Traditionnellement, le débat d’orientation budgétaire — qui permet de définir politiquement les principales dépenses et recettes de l’exercice suivant — se tient en novembre ou décembre, lors du dernier conseil municipal de l’année. Mais lundi 15 juin, il a semblé avoir pris quelques mois d’avance.
À l’ordre du jour du cinquième conseil municipal depuis l’élection d’Idir Boumertit, en mars dernier, figuraient plusieurs délibérations financières. Les élus devaient notamment approuver les comptes de l’exercice 2025, affecter les résultats comptables et voter un budget supplémentaire pour 2026. Cette dernière mesure vise notamment à réduire le recours à l’emprunt d’un million d’euros tout en permettant à la régie autonome de restauration scolaire de disposer des moyens nécessaires pour mettre en œuvre plusieurs engagements de campagne de la nouvelle majorité, parmi lesquels la distribution de goûters aux élèves.

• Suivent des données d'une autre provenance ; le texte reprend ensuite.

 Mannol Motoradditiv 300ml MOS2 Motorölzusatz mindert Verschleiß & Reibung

« Vous réduisez les recettes de plus de 500 000 euros sur les dotations et participations tout en augmentant les dépenses de fonctionnement avec des mesures non financées, a attaqué Aurélien Scandolara, au nom du groupe d’opposition de gauche « Unir, résister et agir : Ensemble pour Vénissieux ». L’élu communiste s’est également interrogé sur la trajectoire financière de la commune : « Vous réduisez même le recours à l’emprunt d’un million d’euros, comme si cela suffisait à équilibrer le budget. Mais qu’en sera-t-il dans les années à venir ? Nous espérons que vous n’avez pas prévu, à terme, la vente d’équipements municipaux, l’abandon de certaines missions de service public ou encore le recours au privé pour assurer des missions aujourd’hui assumées par la collectivité, afin de compenser un déficit que vous semblez laisser dériver. »

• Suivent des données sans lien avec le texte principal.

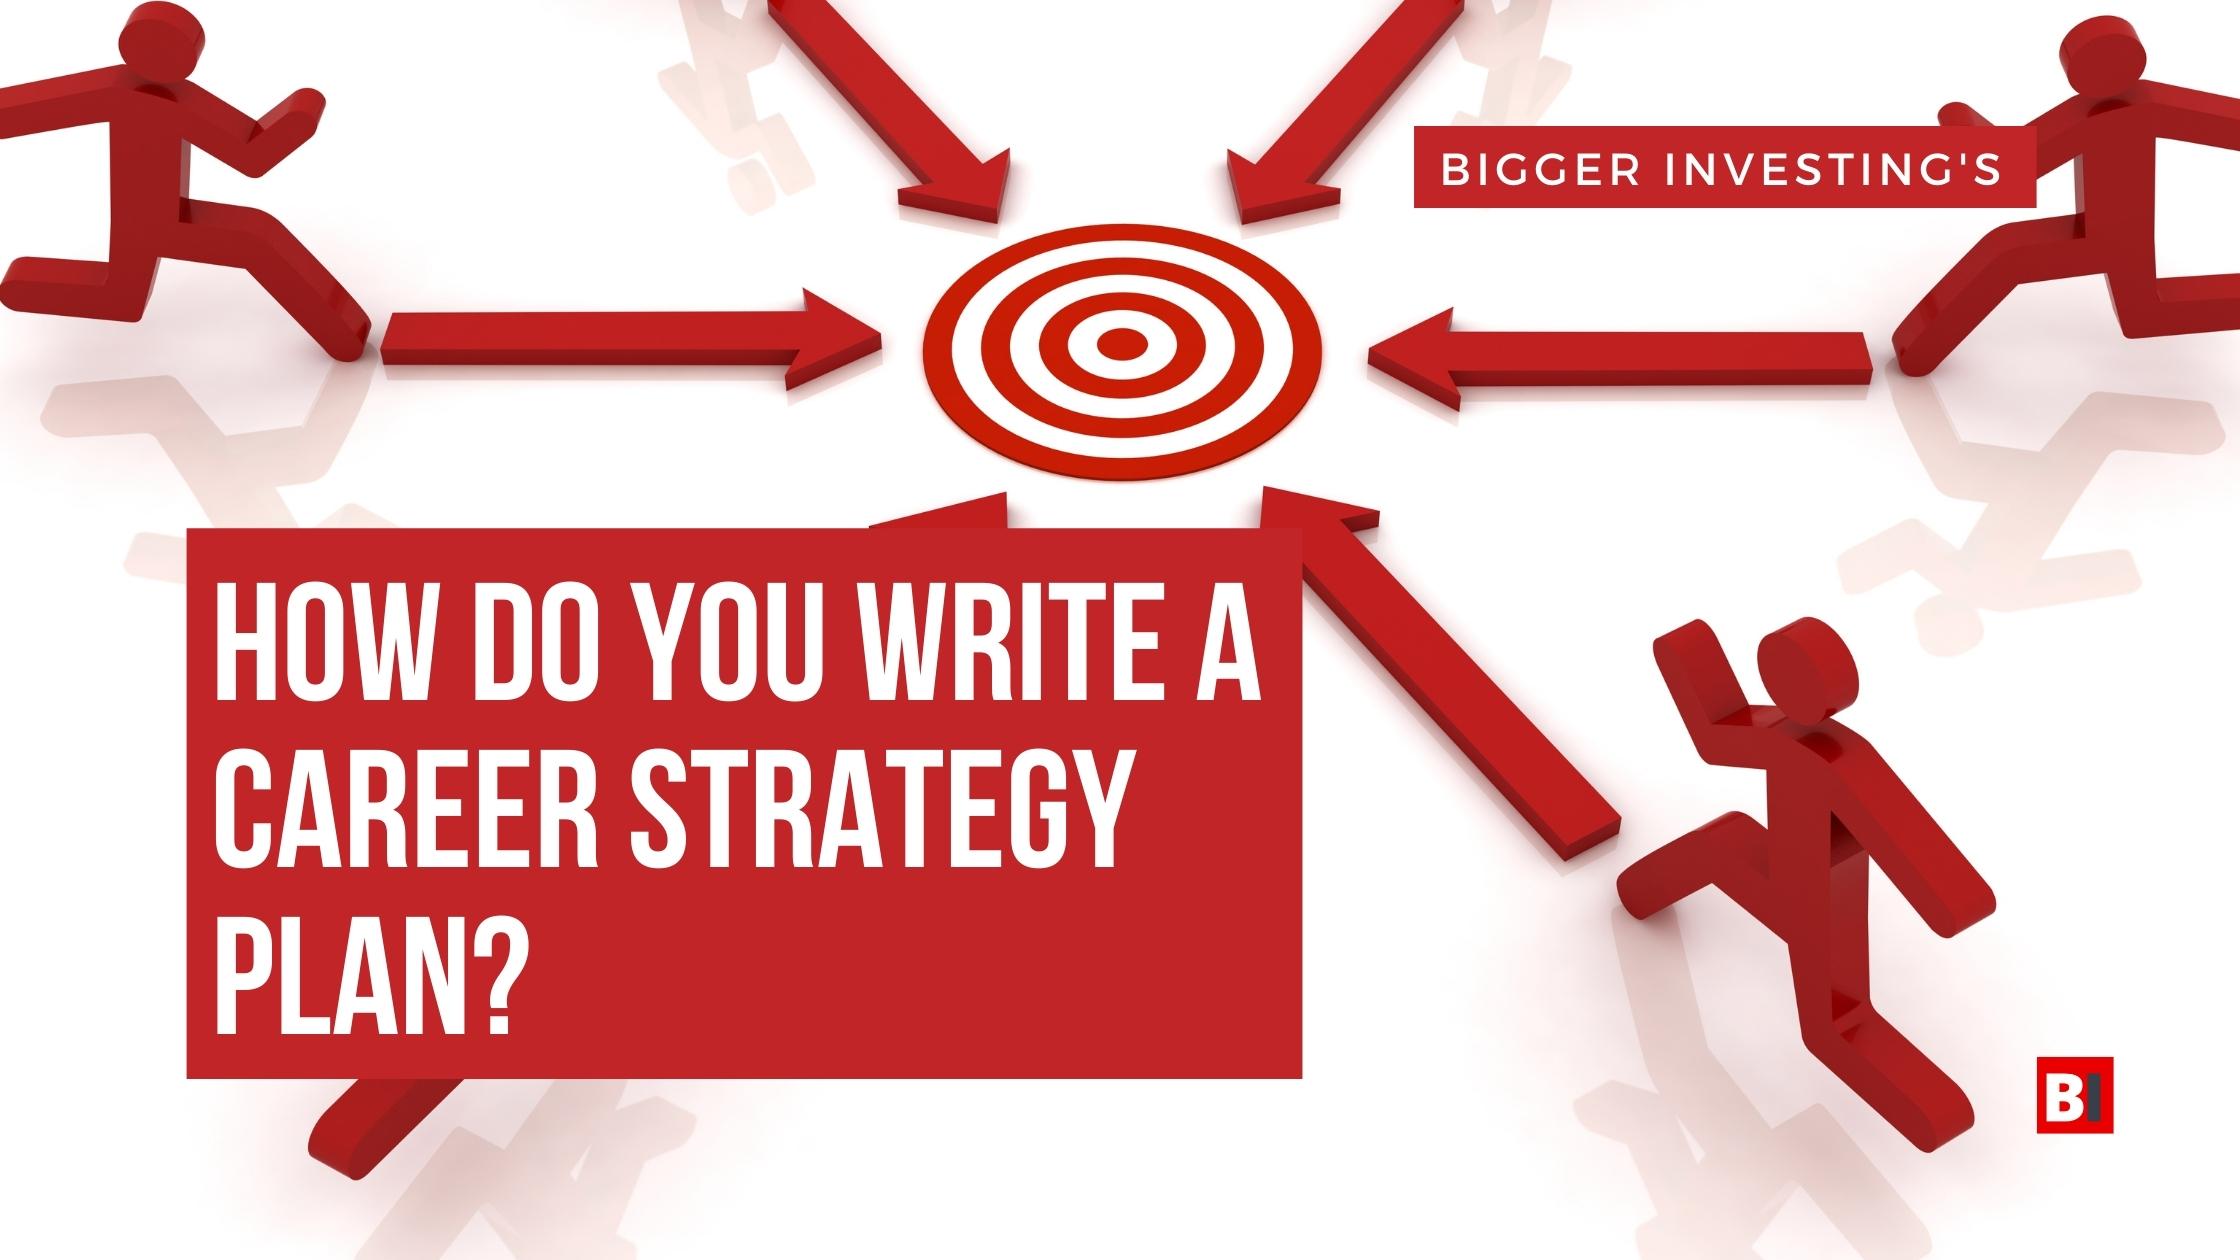 How Do You Write a Career Strategy Plan?

« Être plus redistributifs »
Des accusations balayées, successivement, par Hamdiatou Ndiaye, au nom du groupe « La France Insoumise Vénissieux » (majorité), et par le maire, Idir Boumertit. « La dette n’est pas en soi un problème lorsqu’elle finance des équipements utiles, durables, nécessaires, a d’abord répondu celui qui est aussi adjoint aux ressources humaines et au protocole. Mais elle doit rester maîtrisée, d’autant plus dans une ville populaire comme la nôtre, où chaque décision financière doit être prise avec responsabilité. De ce point de vue, le budget supplémentaire ne traduit pas une fuite en avant. Au contraire, il ajuste le recours à l’emprunt tout en maintenant la capacité d’investissement de la Ville. C’est un équilibre exigeant, mais c’est précisément cet équilibre qu’il nous faut tenir : répondre aux besoins sans fragiliser l’avenir. »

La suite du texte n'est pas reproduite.